Local educational agencies are required under Federal Regulation 34 CFR 300.220 to initiate an awareness campaign to locate, identify and evaluate children with disabilities who may need special education or related services. This campaign is known as “Child Find.” Parents, relatives, public and private agencies and concerned citizens can help school districts find any child, age birth through 21 years, who may have a disability and need special education or related services.
What does a disability mean?
For Birth to age 3 - An established condition known to result in delay, or a documented developmental delay.
For ages 3 through 5 - A documented deficit in one or more of the following developmental areas: communication, vision, hearing, motor skills, social emotional/behavioral functioning, self-help skills, and/or cognitive skills.
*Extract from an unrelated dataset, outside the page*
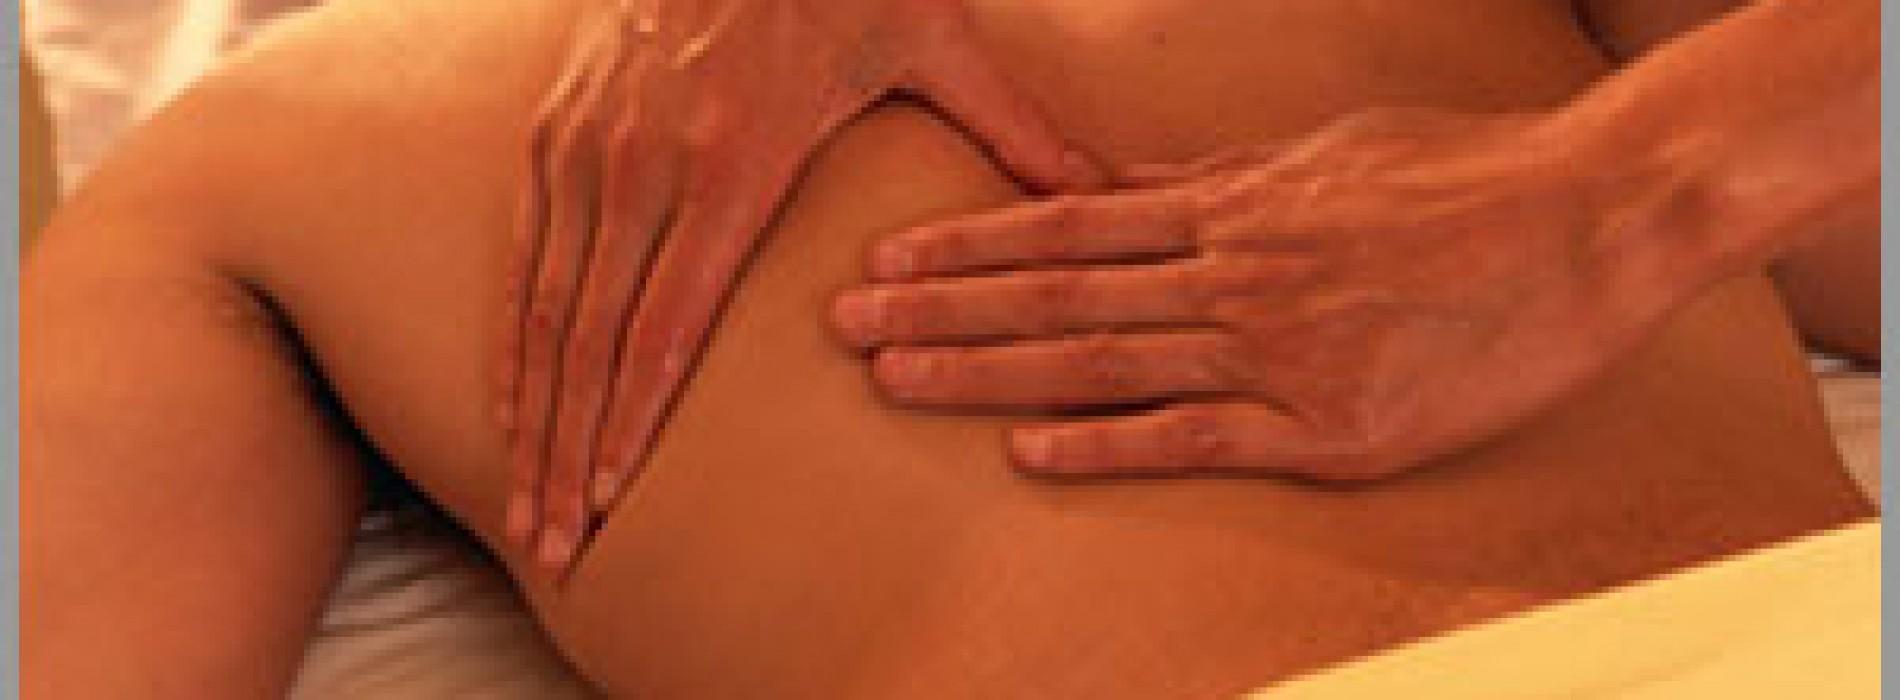 คนโบราณจัดการกับอาการปวดหลังอย่างไร  และ  การพักคือวิธีที่ดีที่สุด

For ages 5 through 21 - Identification of one or more of the following conditions: autism, intellectual disability, deaf-blindness, hearing impaired, emotional disability, multiple disability, orthopedic impairment, other health impairment, specific learning disability, speech language impairment, traumatic brain injury, and/or visual impairment
Who can help?
Parents, relatives, public and private agency employees, and concerned citizens are used to help Norton City Schools find any child, age birth-21, who may have a disability and need special education and related services. If you are aware of a child who may have special needs, please notify Norton's Department of Student Services or the school principal.
What happens next?
Norton's Department of Student Services will contact the parents of the child to find out if the child needs to be evaluated. Free testing is available to families to determine whether or not a special need exists. Evaluation Team Reports (ETR) are coordinated by licensed School Psychologists and licensed Speech Language Pathologists (SLP). Evaluations follow the format set forth by the Ohio Department of Education, Office for Exceptional Children. These educational assessments are designed to assess the child’s current levels of performance in order to determine whether the child has a disability (as outlined above) which requires specialized instruction. If a need is identified, the child can begin receiving the appropriate special education and related services. A full continuum of programs and services are available to students with disabilities who attend the Norton City Schools. Children receive special education and related services in the school that houses their current grade-level unless the child’s needs can not be successfully and appropriately met in that school. In that situation the district reserves the right to provide services in another building in the district. Additionally, some programs are available through cooperative placements with neighboring school districts. All programs and services that are required to provide the child with a free and appropriate public education (FAPE) are provided at no cost to the family through an Individualized Education Program (IEP) specifically designed to meet the individual child's unique needs. The sooner we know about the unique and specialized needs of children, the better it goes for every child. If you know a child who may have special needs, help is available. Contact the following:
Norton City Schools
Department of Student Services
4128 Cleveland-Massillon Road, Norton, Ohio 44203
Phone (330) 706-2733
Click here to access the Child Find brochure for Norton City Schools.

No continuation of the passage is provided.